- Source material:
=== Section Start ===
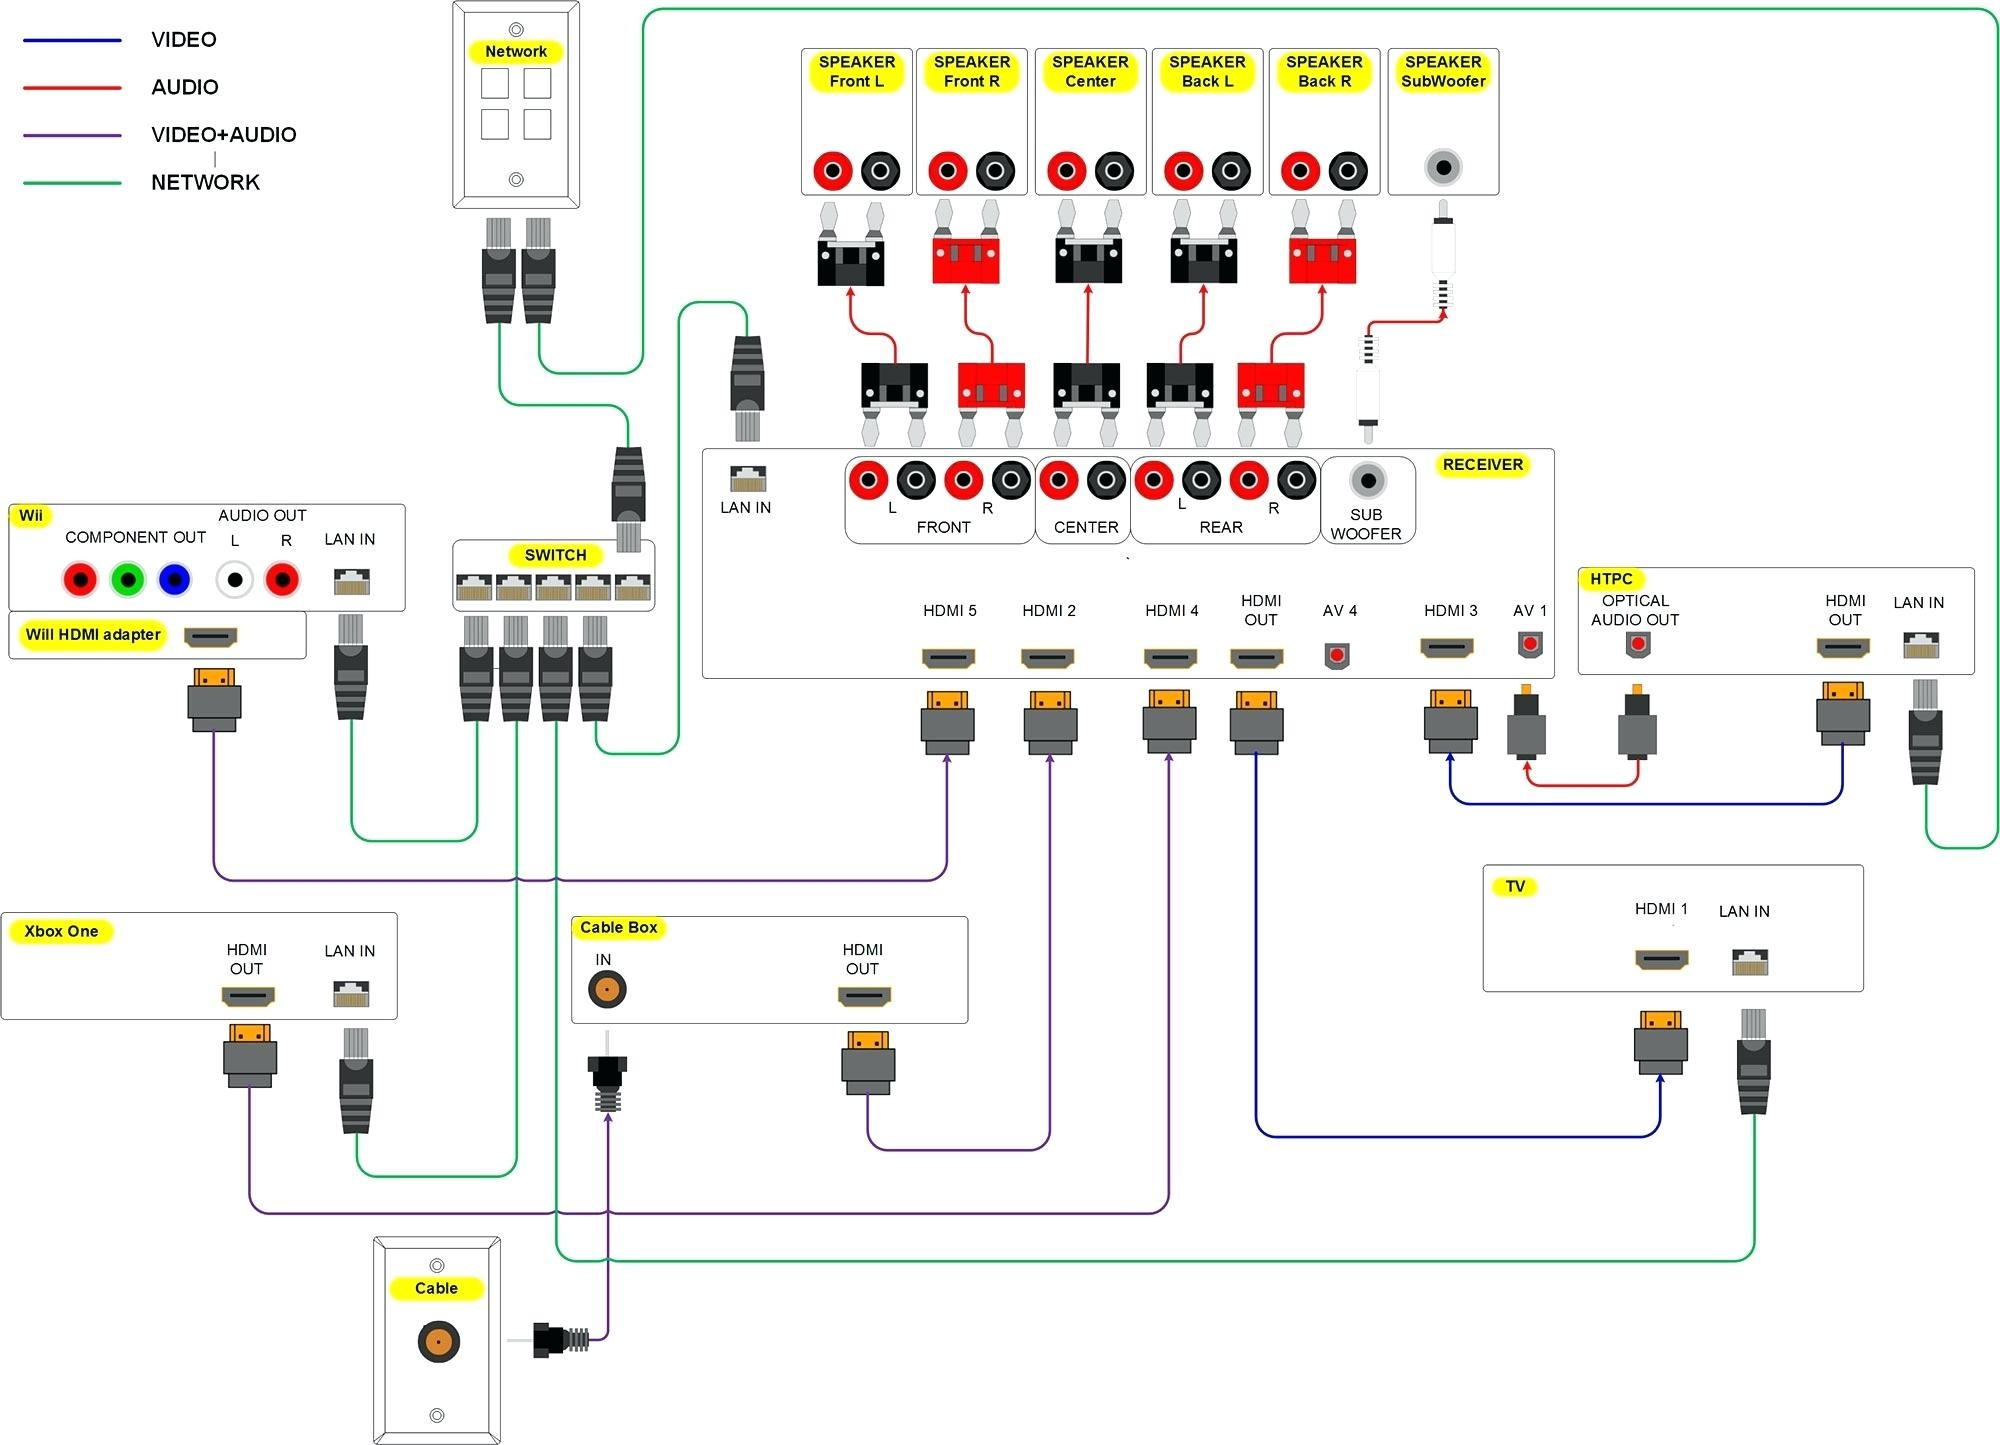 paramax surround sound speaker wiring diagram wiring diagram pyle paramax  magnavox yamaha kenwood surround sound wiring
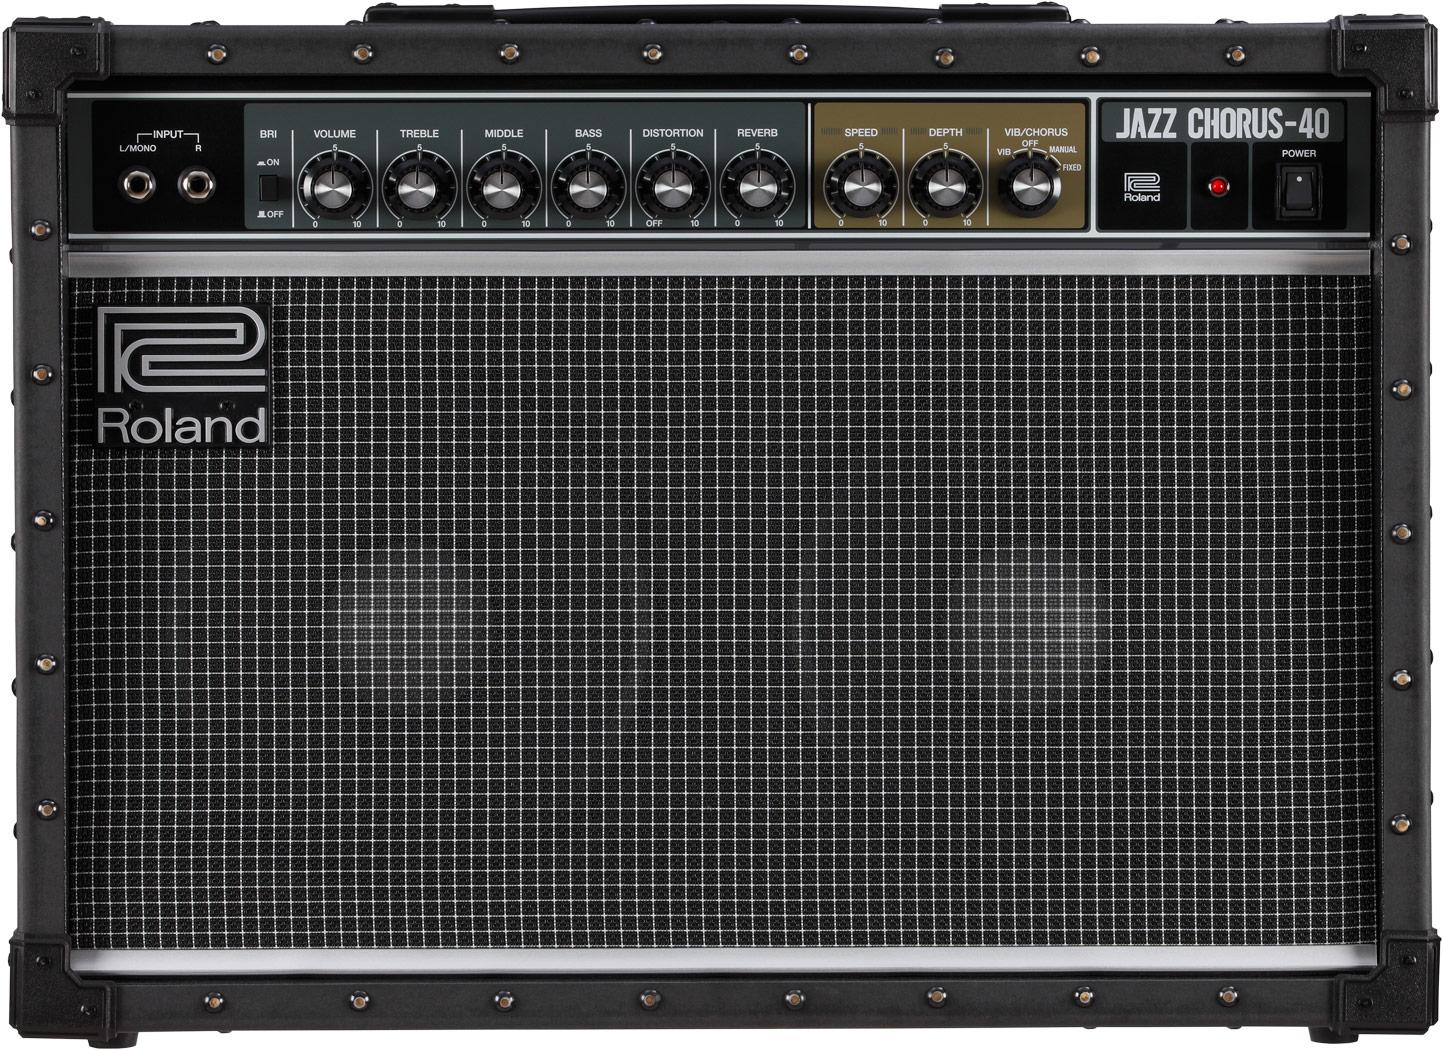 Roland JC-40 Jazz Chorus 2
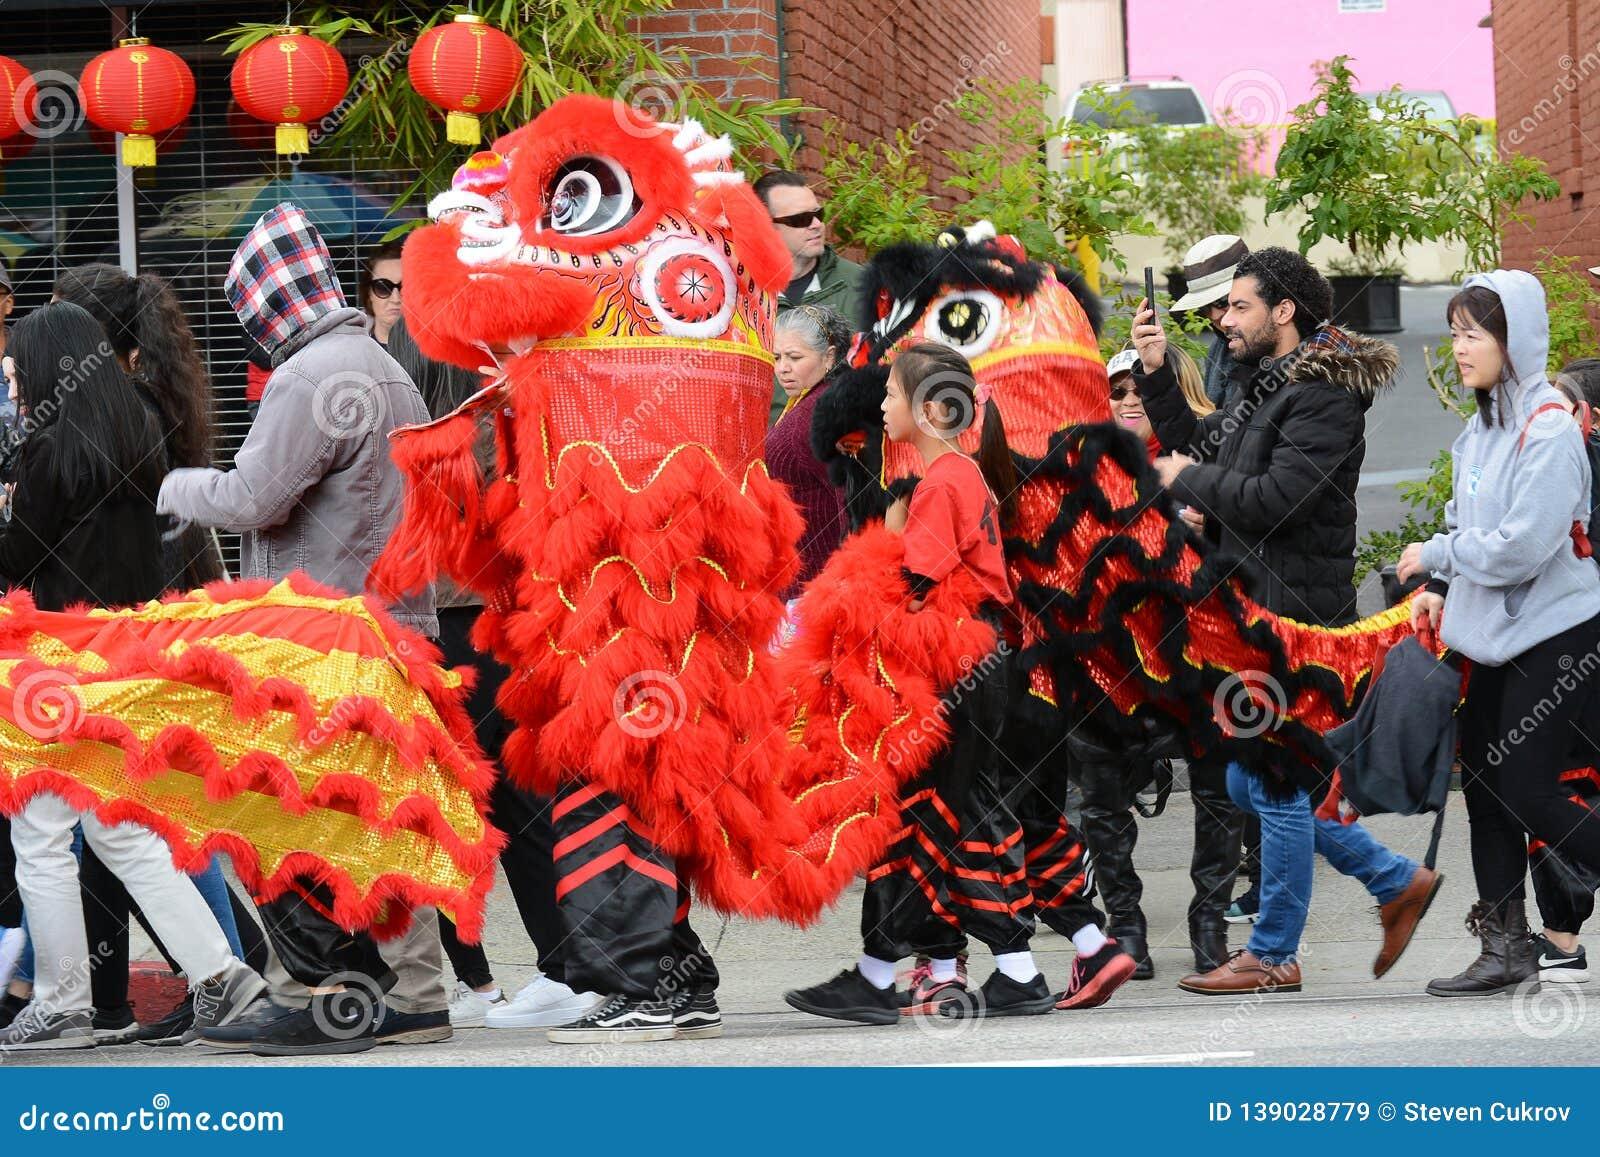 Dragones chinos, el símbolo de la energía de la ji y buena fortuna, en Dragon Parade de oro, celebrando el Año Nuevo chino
=== Section End ===
- Requirement:
Each line of the data is to be duplicated exactly; pictures stay out of the copy.

- Solution:
 paramax surround sound speaker wiring diagram wiring diagram pyle paramax  magnavox yamaha kenwood surround sound wiring
 Roland JC-40 Jazz Chorus 2
 Dragones chinos, el símbolo de la energía de la ji y buena fortuna, en Dragon Parade de oro, celebrando el Año Nuevo chino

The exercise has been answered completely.